PLI’s Fast-Tracked: Emergent Issues in the Legal Profession podcast, brings you conversations with thought leaders, delving into the most dynamic trends shaping the legal world, from AI to DEI – and everything in between. PLI is proud to keep you ever current with timely programs, publications, and podcasts. Visit pli.edu/ftpod for more episodes.
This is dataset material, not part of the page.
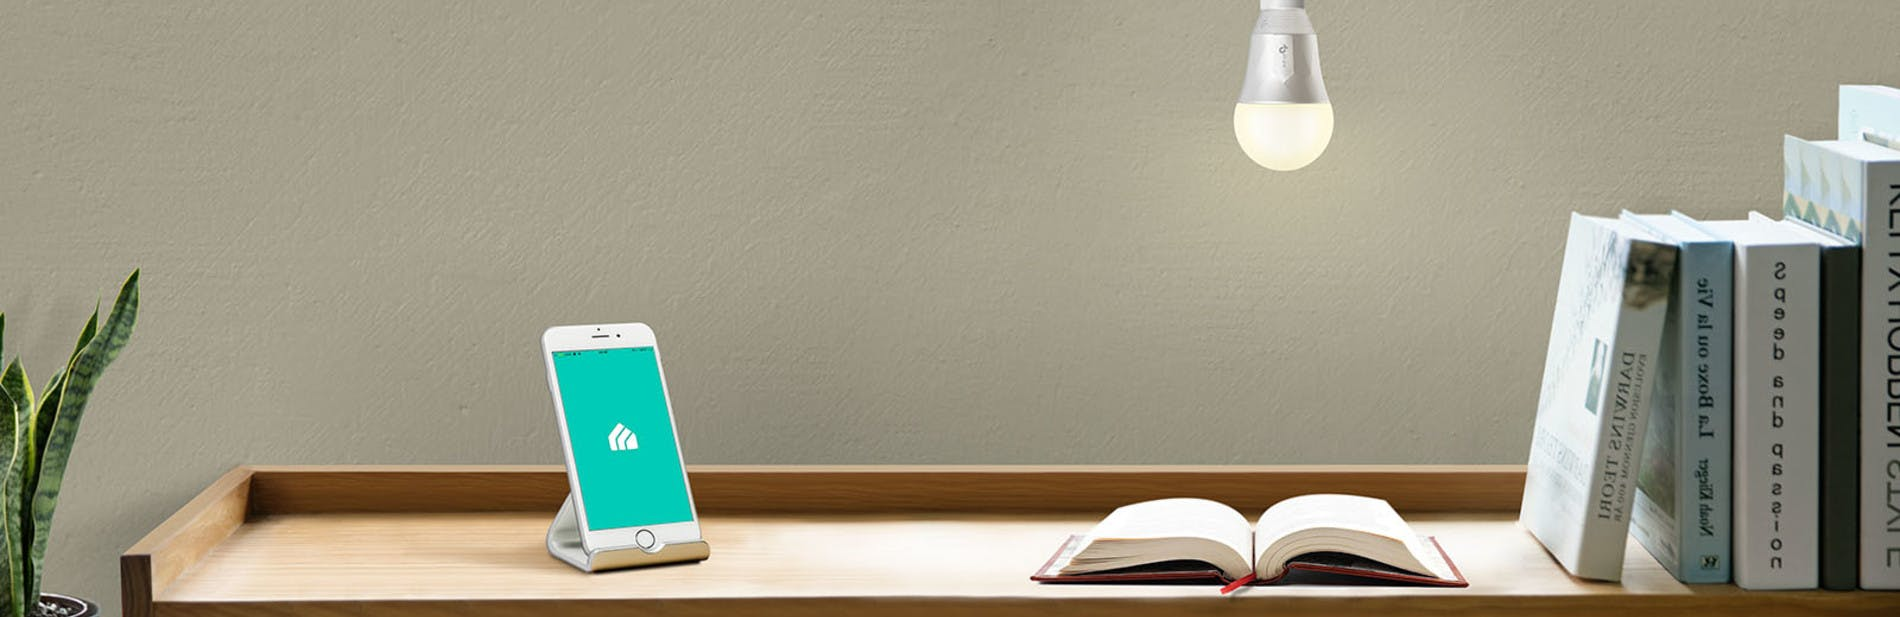 Kasa Smart Light Bulb Dimmable Product Banner

Please note: CLE is not offered for listening to this podcast, and the views and opinions expressed within represent those of the speakers and host, and not necessarily those of PLI.
Featured In This Episode
Alice Armitage
Professor Alice Armitage is the Director of Applied Innovation, which includes overseeing LexLab, an innovative hub on our campus focused on the many impacts that technology has and will continue to have on the law. Alice began her career as an international tax attorney at Arnold & Porter in Washington DC, moving from there to a position as a federal regulator in the Office of the International Chief Counsel at the US Internal Revenue Service to develop tax policy for complex cross-border financial transactions.
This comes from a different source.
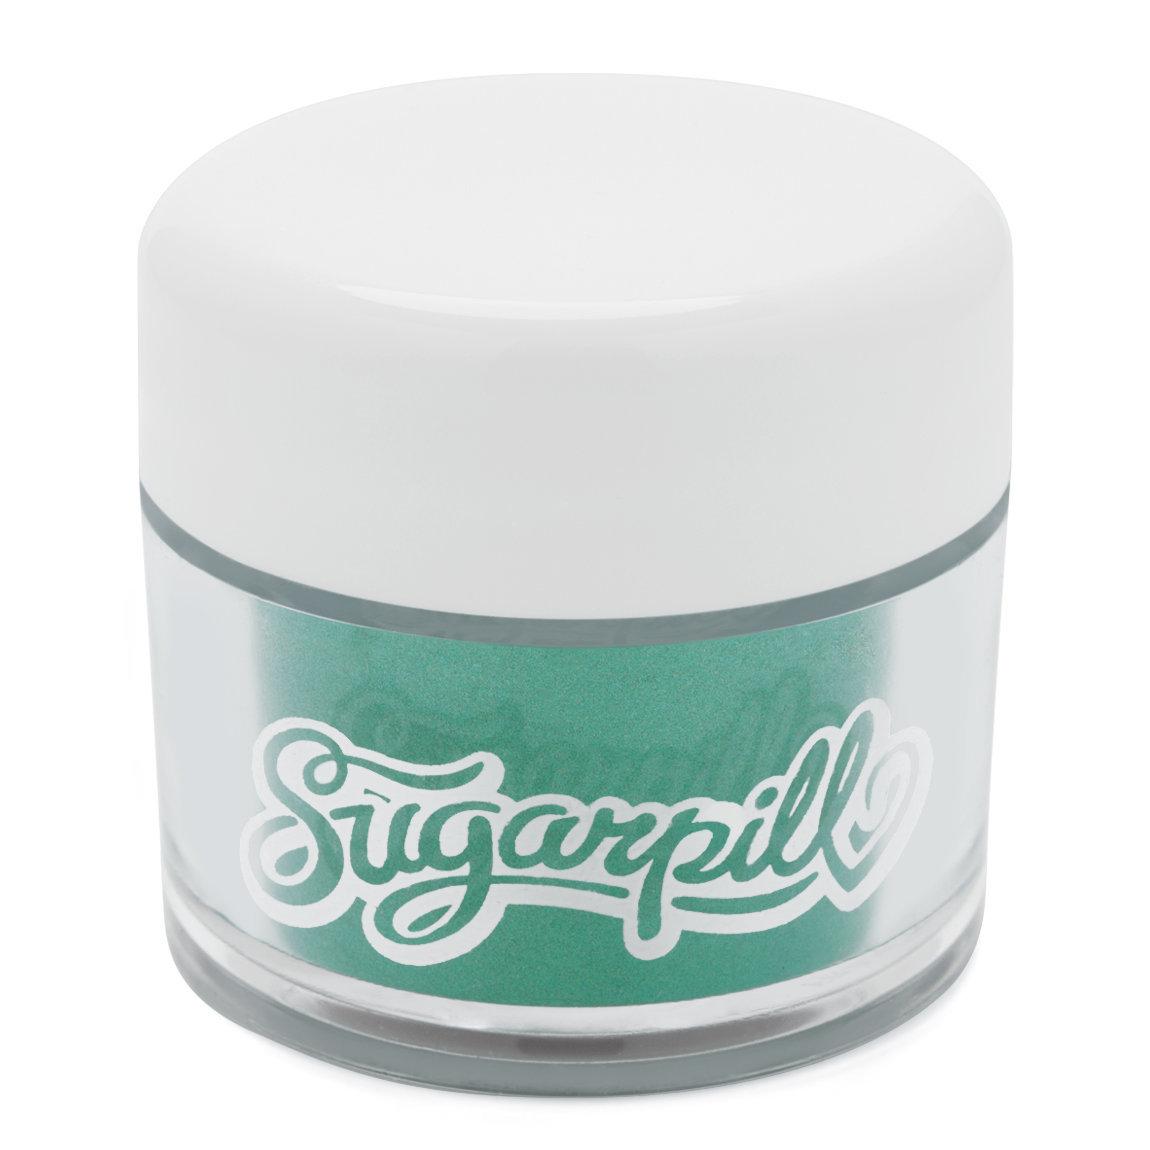 Sugarpill Cosmetics Loose Eyeshadow Hug Life alternative view 1.

More recently, Alice took a break from practicing law to found two startups. Her experience as a two-time entrepreneur ultimately led her to UC Law SF as Director of the Startup Legal Garage. In her time as Director of this popular program, Alice developed an extensive network within both the tech and the legal communities of Silicon Valley. Alice now teaches four courses for law students that are part of the concentration in “Technology and Innovation in the Practice of Law”. These courses include “Generative Artificial Intelligence: Impact on the Substance & Practice of Law”, “Creating & Building Legal Tech Startups”, “In-House Counsel Toolkit: Strategies & Skills” and “Legal Operations”. In addition to building out new programs and courses at UC Law SF, Alice’s research interests focus on the intersection of technology, design thinking and regulation. Alice published “Design Thinking: An Answer to the Impasse between Innovation and Regulation” in the Georgetown Technology Law Review, and also has a chapter on design thinking in “The Cambridge Handbook of Law an Entrepreneurship in the United States,” published in April 2022 by the Cambridge University Press.
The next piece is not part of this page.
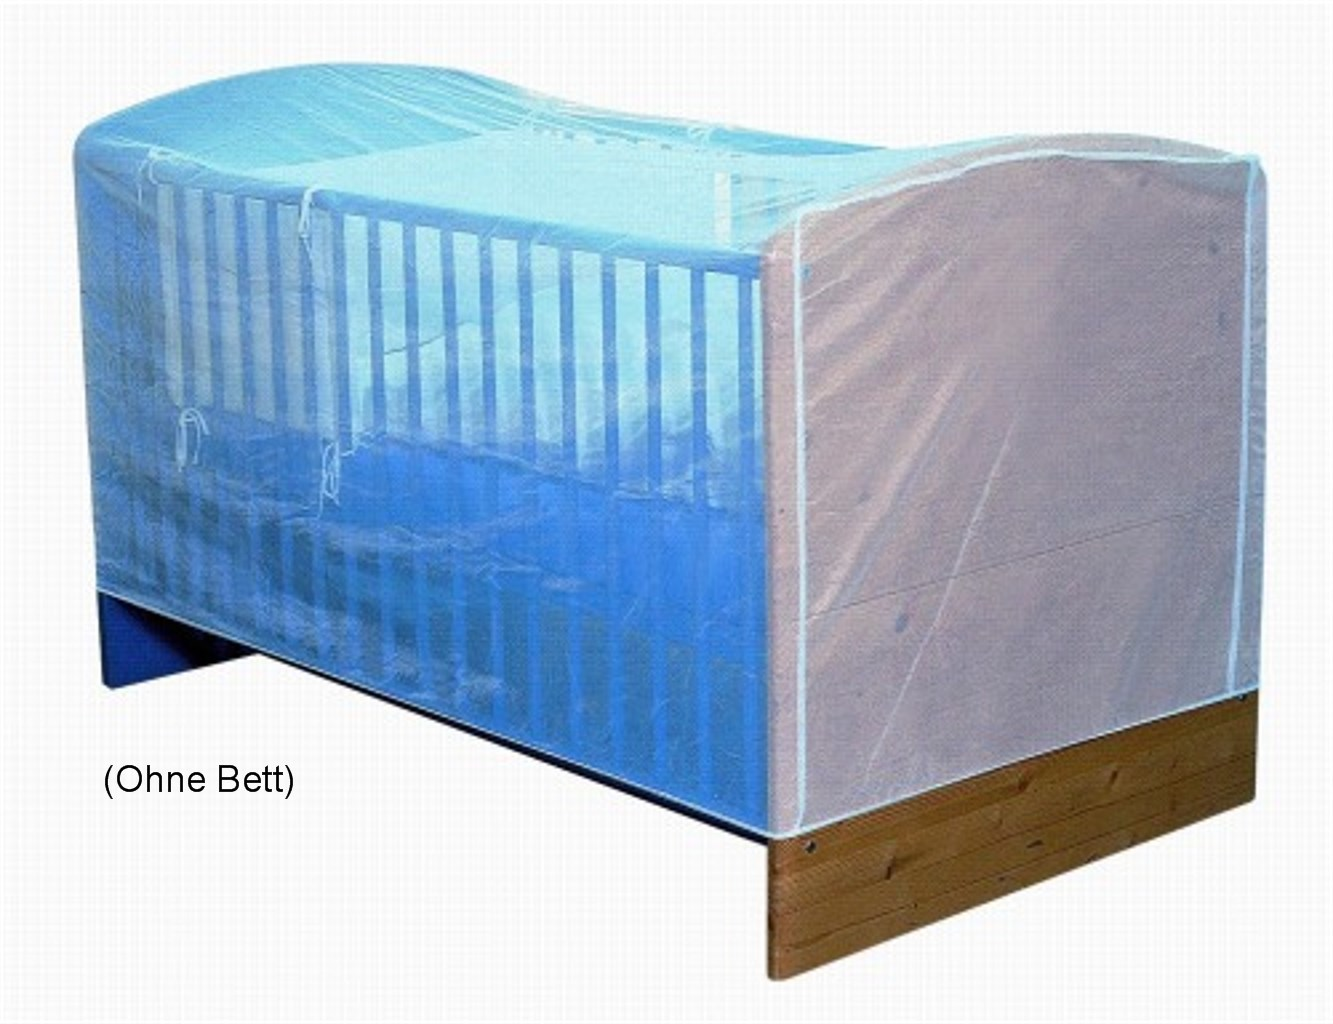 insektenschutz kinderbett wei. Black Bedroom Furniture Sets. Home Design Ideas

Professor Armitage is a graduate of the Yale Law School where she was the first woman Editor-in-Chief of the Yale Law Journal since World War II. She also has an A.B. and an M.A. in British and American Literature from Brown University.
Featured In This Episode
Heidi Brown
Professor Heidi K. Brown is a graduate of the University of Virginia School of Law, Associate Dean for Upper Level Writing at New York Law School, and a former litigator in the construction industry. Heidi is the author of three books about well-being for law students and lawyers: The Introverted Lawyer, Untangling Fear in Lawyering, and The Flourishing Lawyer. In 2021, Heidi earned a master’s degree in Applied Positive Psychology from the University of Pennsylvania. She is the 2023 Award Recipient for “outstanding contributions to well-being in legal education” from the Association of American Law Schools’ Section on Balance and Well-Being in Legal Education. Building on a foundation of thirty years of experience in legal practice and academia, Heidi champions the importance of openly discussing stressors, anxieties, and fears in lawyering, and helping quiet and anxious law students and lawyers tap into individual strengths to become profoundly effective advocates—in their authentic voices. She is an internationally-recognized public speaker on issues of lawyer identity, writer identity, peak performance, and flourishing.